Ирина Бороган: Нет, это не связано с деньгами, это связано с чувством страха, которое сопровождает работу российских издателей и российских медиа. С 2008 года у нас нет работы в российских СМИ, и не поступало никаких нормальных предложений работы, а российские издатели тем более не предлагают нам писать книги. Им удобно, когда книга выходит в Америке или Англии, когда другое издательство берет на себя все юридические риски и сопровождение. В этом случае можно подождать реакции, спустя год купить права, перевести… С другой стороны, когда вышла «The New Nobility» — не успела она появиться в России в 2011 году, как ФСБ стала требовать от типографии каких-то объяснений (книга Солдатова и Бороган «The New Nobility: The Restoration of Russiaʼs Security State and the Enduring Legacy of the KGB» вышла в русском переводе под названием «Новое дворянство. Очерки истории ФСБ» — прим. «Медузы»).

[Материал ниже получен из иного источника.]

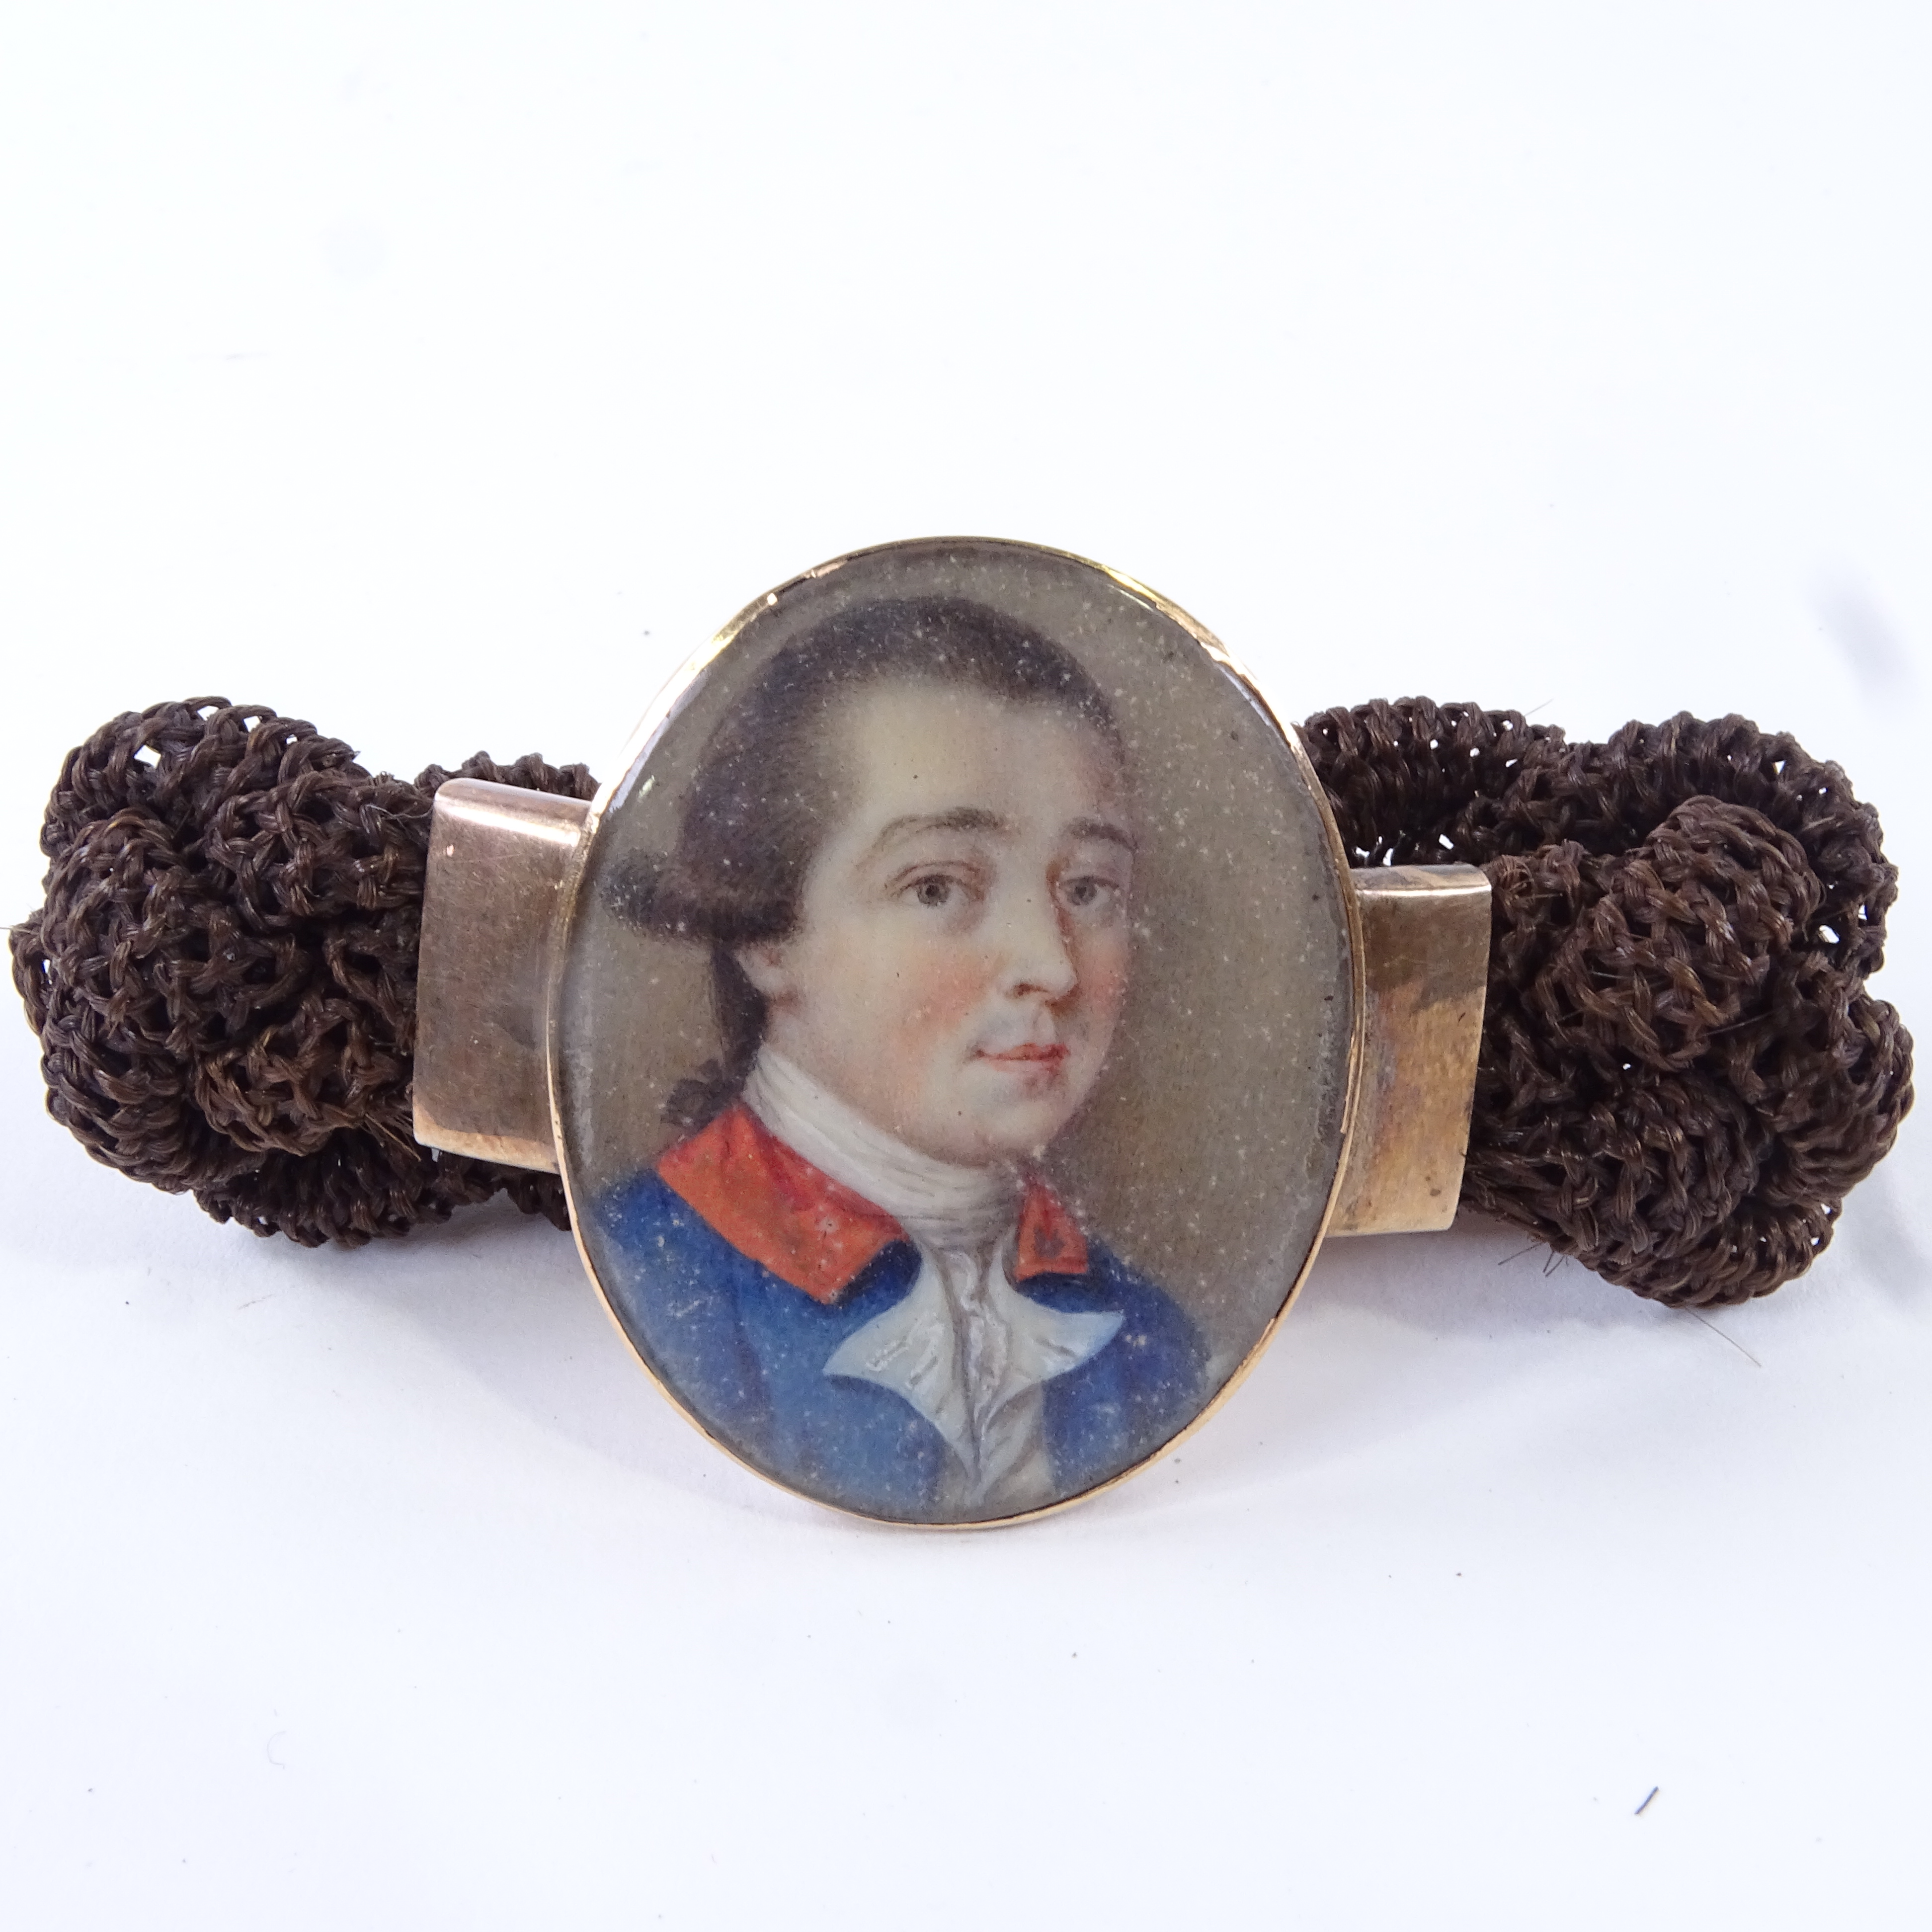 A Georgian woven hair bracelet with central miniature watercolour portrait on ivory, depicting a

После появления этой новости наше российское издательство забеспокоилось, что книжка формально стоит на Ozon, но продажи больше не идут, и тогда Ozon объяснил в письме нашему редактору, что книгу сняли с продажи — как товар, представляющий угрозу безопасности компании.

— И вы нашли западного издателя.

Андрей Солдатов: Мы работаем все время с одним и тем же издателем — Public Affairs. Для нас важно работать именно с ним с профессиональной, журналистской точки зрения. Издательство создали журналисты The Washington Post, его создал Питер Оснос — человек, у которого в офисе в Нью-Йорке висит письмо Андропова, собственноручно им подписанное, о том, чтобы выслать такого корреспондента из Москвы. Издательство высочайшего стандарта, там много издается хороших журналистских книг. И много книг о России. 

Даже если взять новейшую русскую историю, то самая важная книжка о Путине — «От первого лица. Разговоры с Владимиром Путиным» была сделана для Public Affairs (в России книга «От первого лица» вышла в марте 2000 года в издательстве «Вагриус», в США в издательстве Public Affairs — в мае 2000-го — прим. «Медузы»). Книга появилась по единственной причине: Оснос говорил, что никто никогда не поверит, если Путин сам напишет книгу, и предложил взять несколько хороших российских журналистов, посадить их на какое-то время с Путиным. В результате появилась книга, которая до сих пор является исходной точкой для всех других. Ведь тогда Путин еще не очень умел камуфлировать эмоции и рассказывал о вещах, которые его определили.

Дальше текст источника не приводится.